Canudos -O Fim do Treme-terra Por:Raul Meneleu Mascarenhas

Moreira Cesar

Uma onda de temor varreu o sertão. Lá vinha ele: o Anticristo, o Corta-Cabeças. o Treme-Terra. Muito tempo depois da guerra, ele ainda serviria de inspiração para os cantadores. Como nesta quadra, recolhida por José Calazans: 

Moreira César foi ao céu 
Com Tamarindo ao seu lado 
Sdo Pedro falou assim: 
A que cara de malvado! 

Antônio Moreira César era o seu nome,  coronel a sua patente. O oficial talvez mais celebrado do Exército, a quem se atribuía bravura sem igual. Era considerado o herdeiro do marechal Floriano Peixoto, falecido havia dois anos, ídolo dos militares e patrono-mor dos "jacobinos", como eram chamados os defensores mais intransigentes do regime republicano. 

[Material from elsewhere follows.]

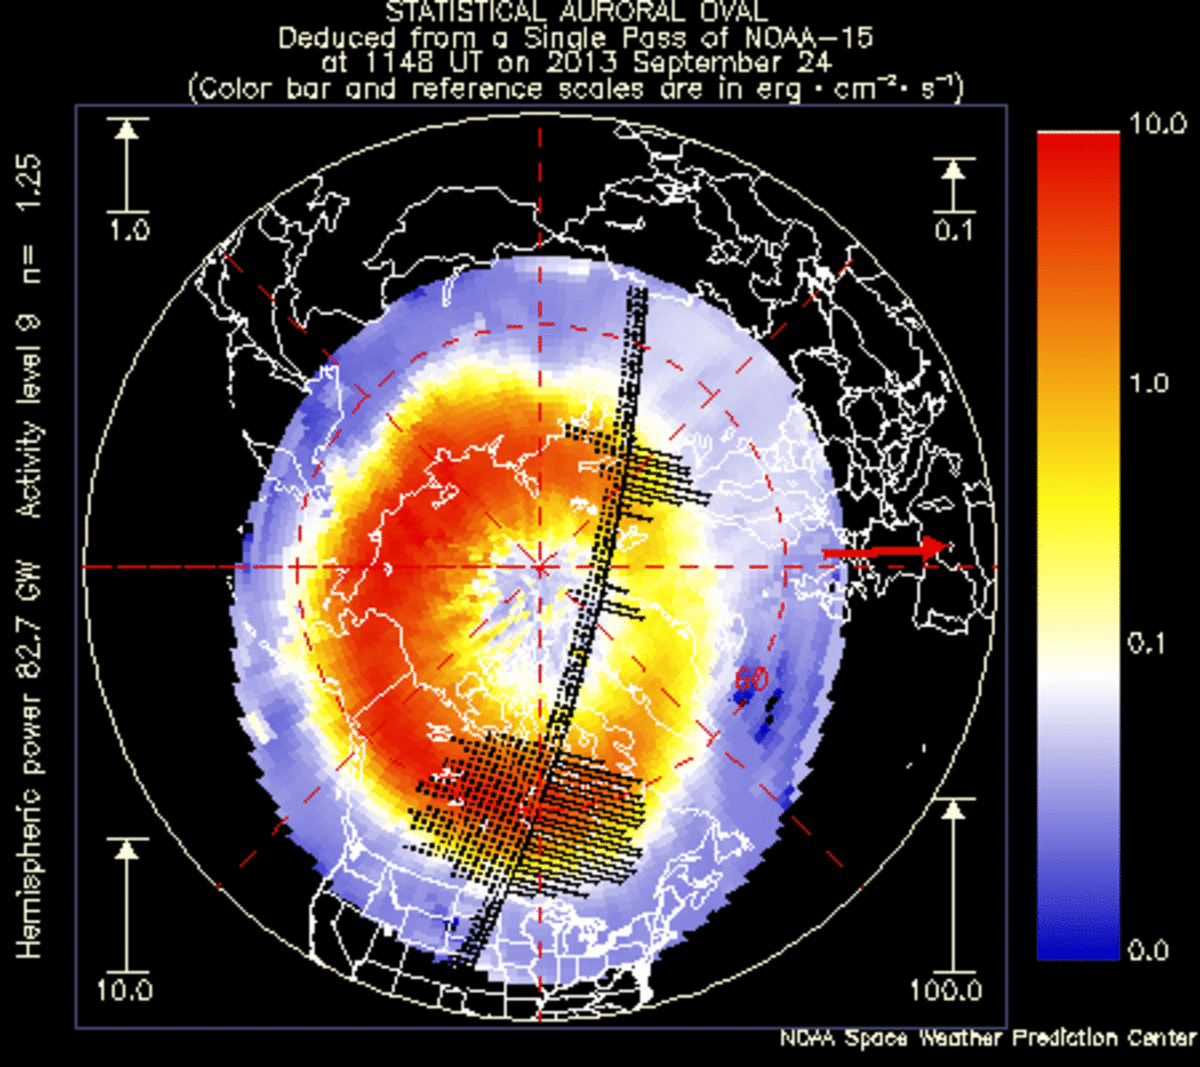 The blue area of the oval shows how far south the Northern Lights were viewed on September 24, 2013.

Euclides da Cunha o descreve: "O aspecto reduzia-lhe a fama. De figura diminuta — um tórax desfibrado sobre pernas arcadas em parênteses —, era organicamente inapto para a carreira que abraçara. (...) Apertado na farda, que raro deixava o dólmã feito para ombros de adolescente frágil agravava-lhe a postura. A fisionomia inexpressiva e mórbida completava-lhe o porte desgracioso e exíguo". E no entanto, quanto respeito — e quanto medo — impunha à sua volta. Consideravam-no um herói por sua atuação na repressão aos dois movimentos que haviam desafiado o regime florianista — a Revolta da Armada, no Rio de Janeiro, e a Revolução Federalista, no Sul. 

Em Santa Catarina para onde foi enviado com plenos poderes, para apagar os últimos fogos da Revolução Federalista distinguiu-se pela ferocidade. Quando não fuzilava, decapitava os adversários. Agora ia entrar na legenda do sertão. 


"Na Guerra de Canudos, depois de Antônio Conselheiro e Euclides da Cunha, Moreira César é o principal personagem", diz Oleone Coelho Fontes, outro dos canudistas baianos, autor de um livro sobre Moreira César, O Treme-Terra." 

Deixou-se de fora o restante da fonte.